Sunday, July 28, 2013
Bangladesh’s political violence this year rivals Egypt’s
Incredibly, much of the violence stems from events that occurred more than four decades ago, back when the country was mired in a bloody battle for independence from Pakistan.
Ahmadiyya Times | News Watch | US Desk
Source/Credit: GlobalPost – International News
By Maher Sattar | July 28, 2013
Riots, executions and war crimes: Bangladesh’s political violence this year rivals Egypt’s. And it’s bound to get worse.
DHAKA, Bangladesh — This nation of 150 million is mired in turmoil.
Some 322 people have perished this year from political violence. That’s the highest death toll outside a conflict zone, and probably still worse than in Egypt.

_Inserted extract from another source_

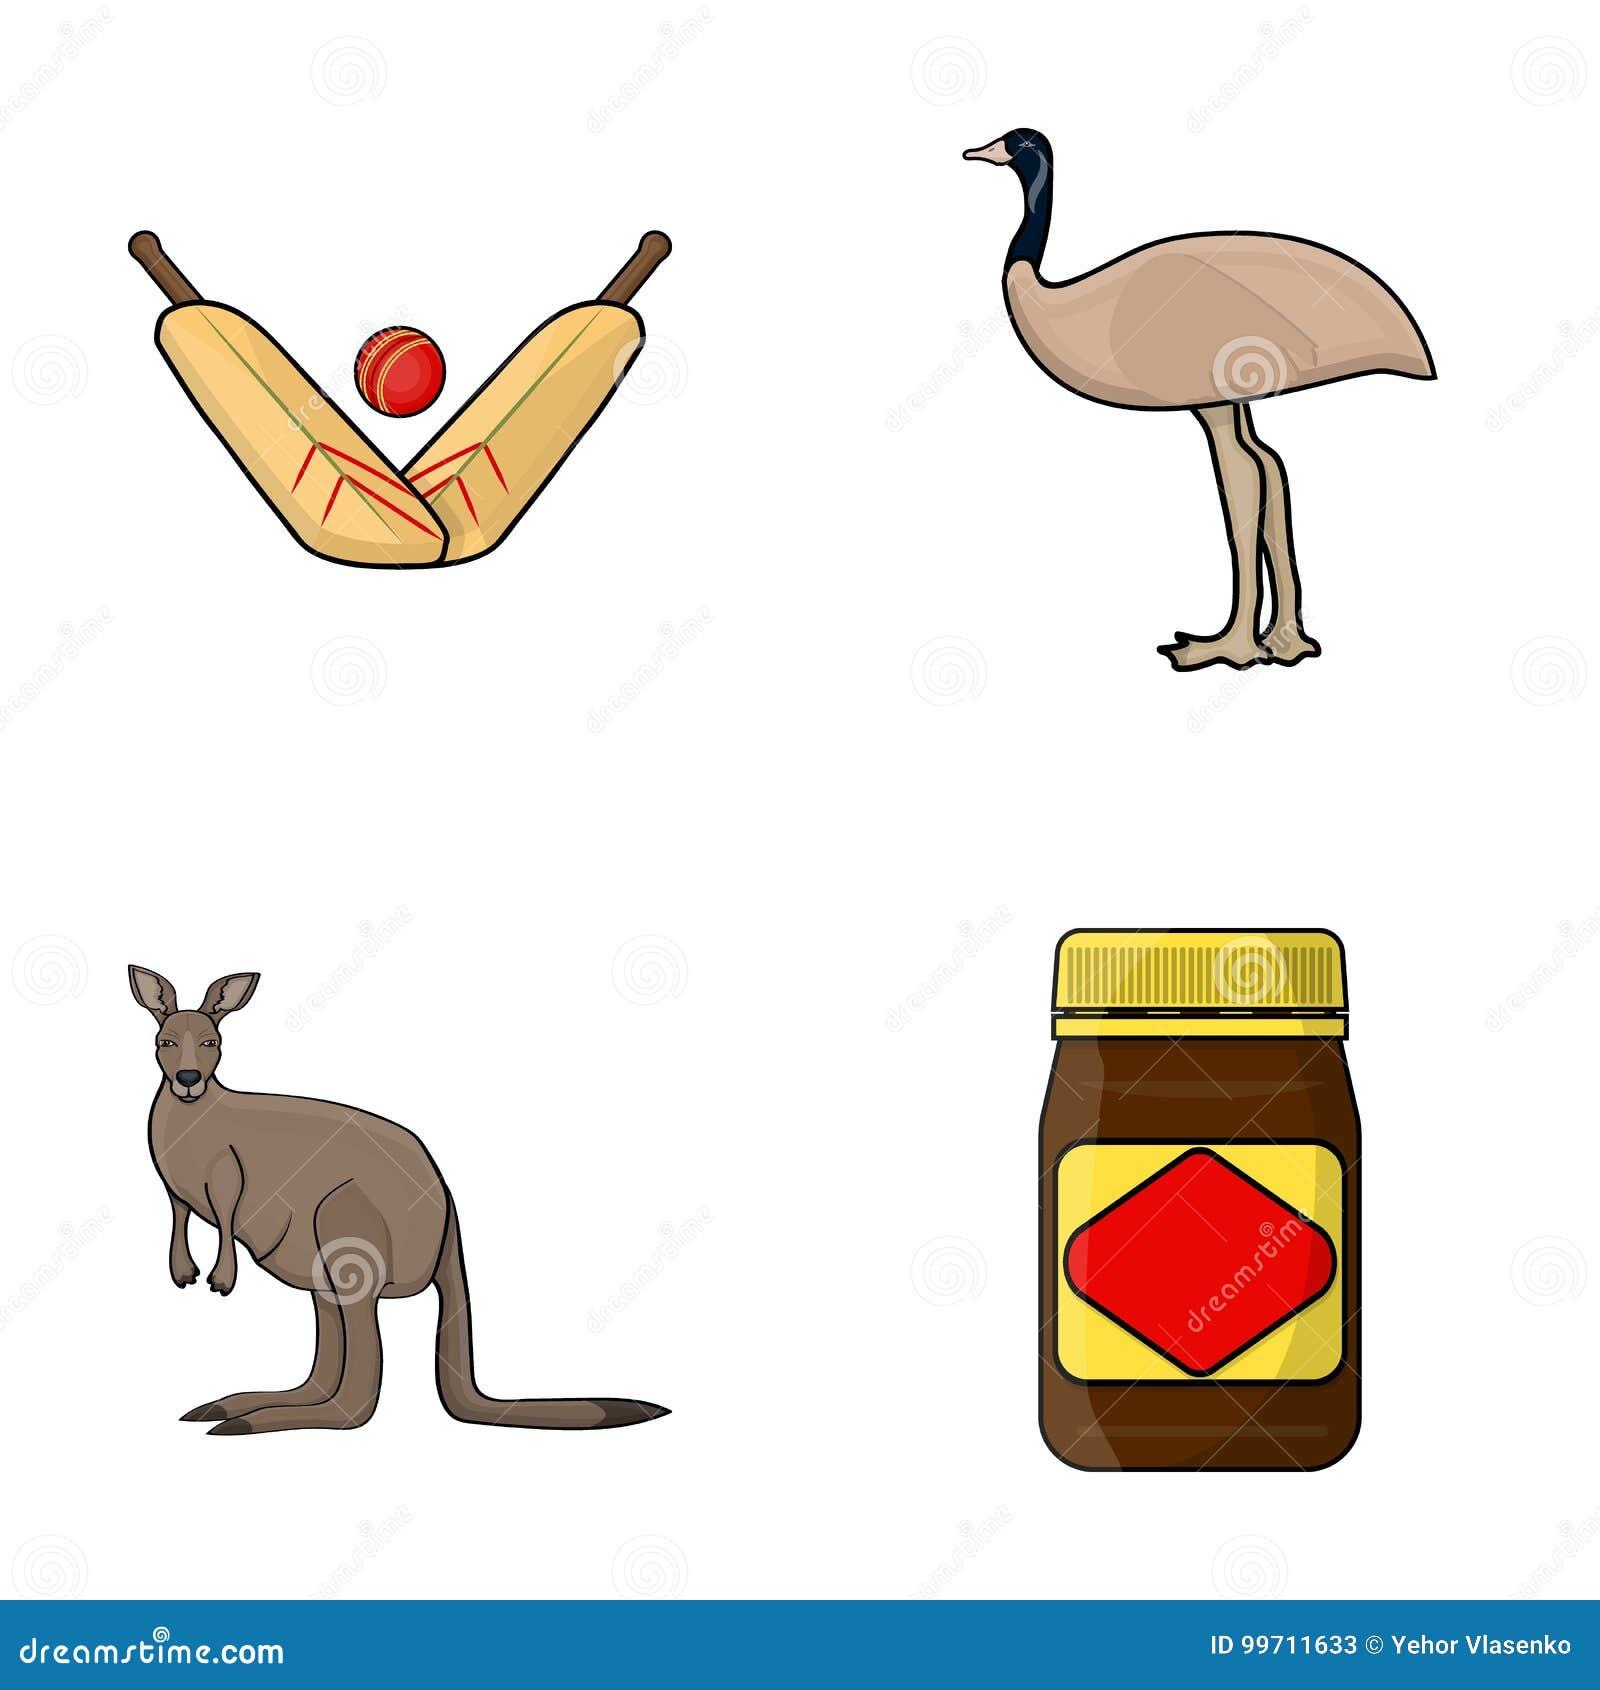 a game of cricket an emu ostrich a kangaroo a popular food rh dreamstime com Crickets Chirping Quiet Crickets Cartoon
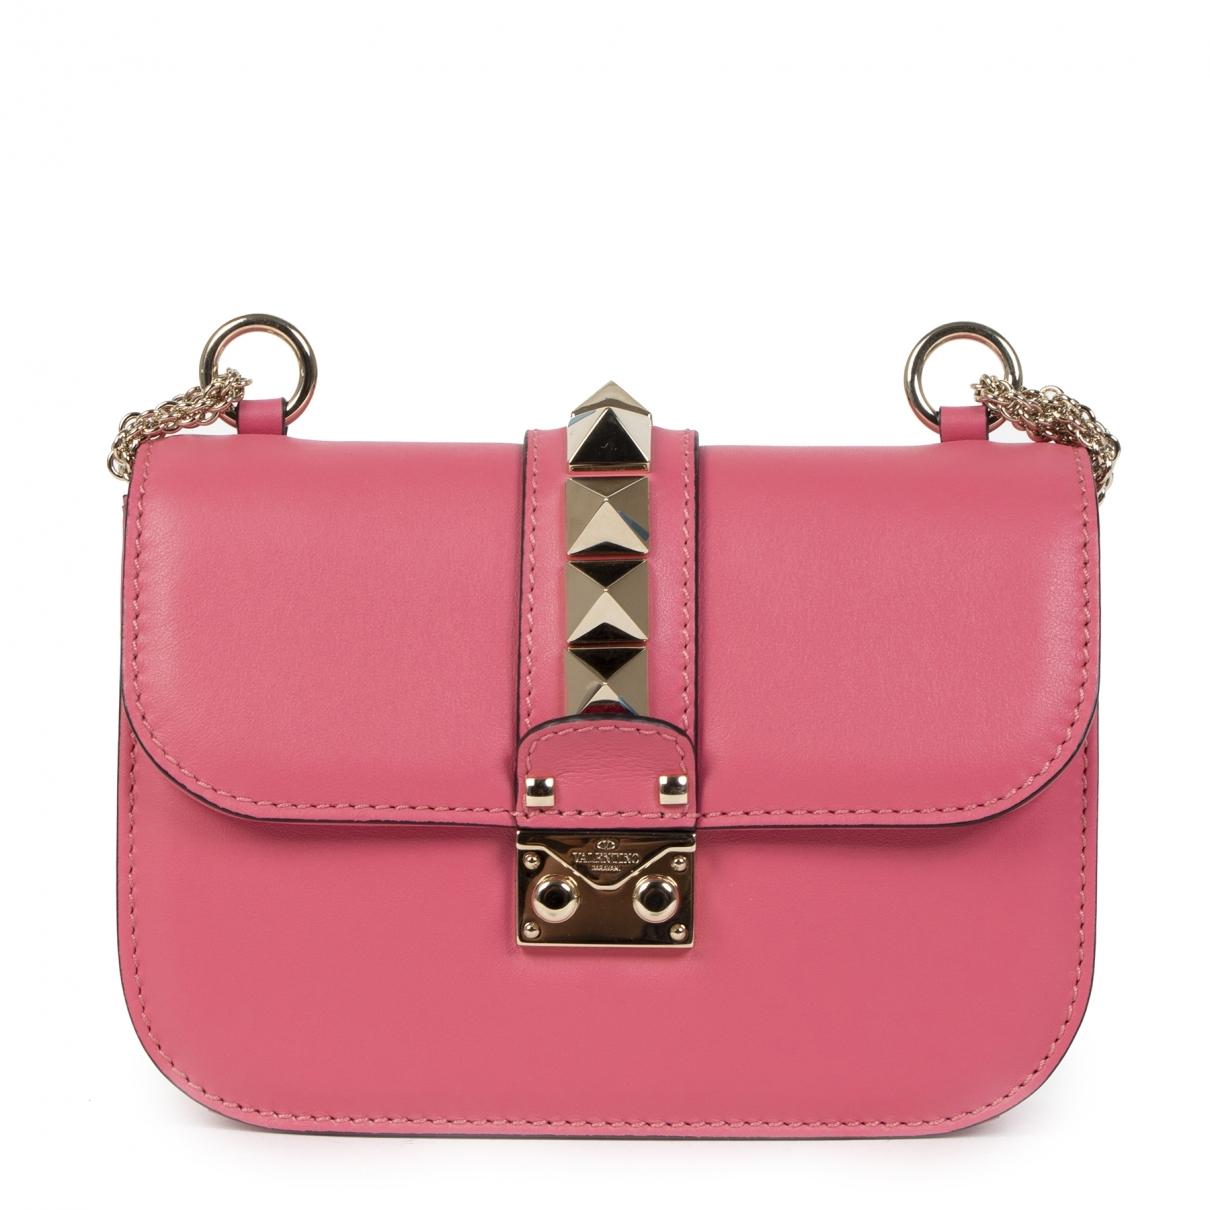 Valentino Garavani Glam Lock Handtasche in  Rosa Leder

Hundreds of thousands have taken to the streets in riots that have seen buses burned, cars torched, and policemen targeted by Islamist mobs. Protests are expected to intensify.
Courts this month sentenced a leading Islamist to 90 years in prison, and a second to death by hanging.
Incredibly, much of the violence stems from events that occurred more than four decades ago, back when the country was mired in a bloody battle for independence from Pakistan.
An estimated 300,000 to 500,000 Bangladeshis were killed in the nine-month conflict, the legacy of tragic decisions made by Britain as it unwound its colonial presence.
Forty years earlier, television journalist Saidur Rahman still feels guilty about surviving those years.
Back then, Saidur’s pro-independence father had taught him and his brothers how to shoot homemade bows and arrows. Fazlur Rahman had instructed his wife to always keep water boiling with chili powder mixed in, to throw at any anti-liberation attackers.
But when pro-Pakistan forces did raid their house on April 15, Saidur found himself hiding under the bed with his mother and siblings. They watched soldiers stab their father to death as he tried to block the assailants from entering the door.
One of Saidur’s brothers yelled “Dad!” and jumped out, giving away their hiding spot. The attackers knifed his siblings, and dragged his mother away.
According to neighbors, she was buried alive.
“The whole floor was flooded with blood,” recalls Saidur, who survived by playing dead.
“I feel so selfish,” he says. “When they killed my father in front of my eyes, my brother jumped out. Why didn’t I cry out too? Why did I lie there pretending to be dead?”
Bangladesh is finally addressing crimes committed during the conflict. The government, and most historians and journalists, accuse the Pakistani army’s Bangladeshi collaborators, who were mostly Islamists, of large-scale atrocities, including ethnic cleansing of the country’s Hindu population.
Opponents of the tribunal have called it a kangaroo court. They say the government, elected in 2009, is looking to wipe out the leadership of Jamaat-e-Islami, the country’s largest Islamist political party and a key ally of the opposition coalition.
The drama is far from over.
In addition to this month’s harsh sentences, the court has filed crimes against humanity charges against Chowdhury Mueen-Uddin, a British citizen, and Ashrafuzzaman Khan, a US citizen and the New York president of the Islamic Circle of North America (ICNA). It is looking into having them extradited to stand trial.
Islamists outraged by the trials have flooded Bangladesh’s streets, lobbing Molotov cocktails and fighting police on the streets armed with rocks and machetes.
The trial and the protests have brought into sharp focus Islam’s role in the politics of Bangladesh, a country once forged in the name of religion that later rebelled against it.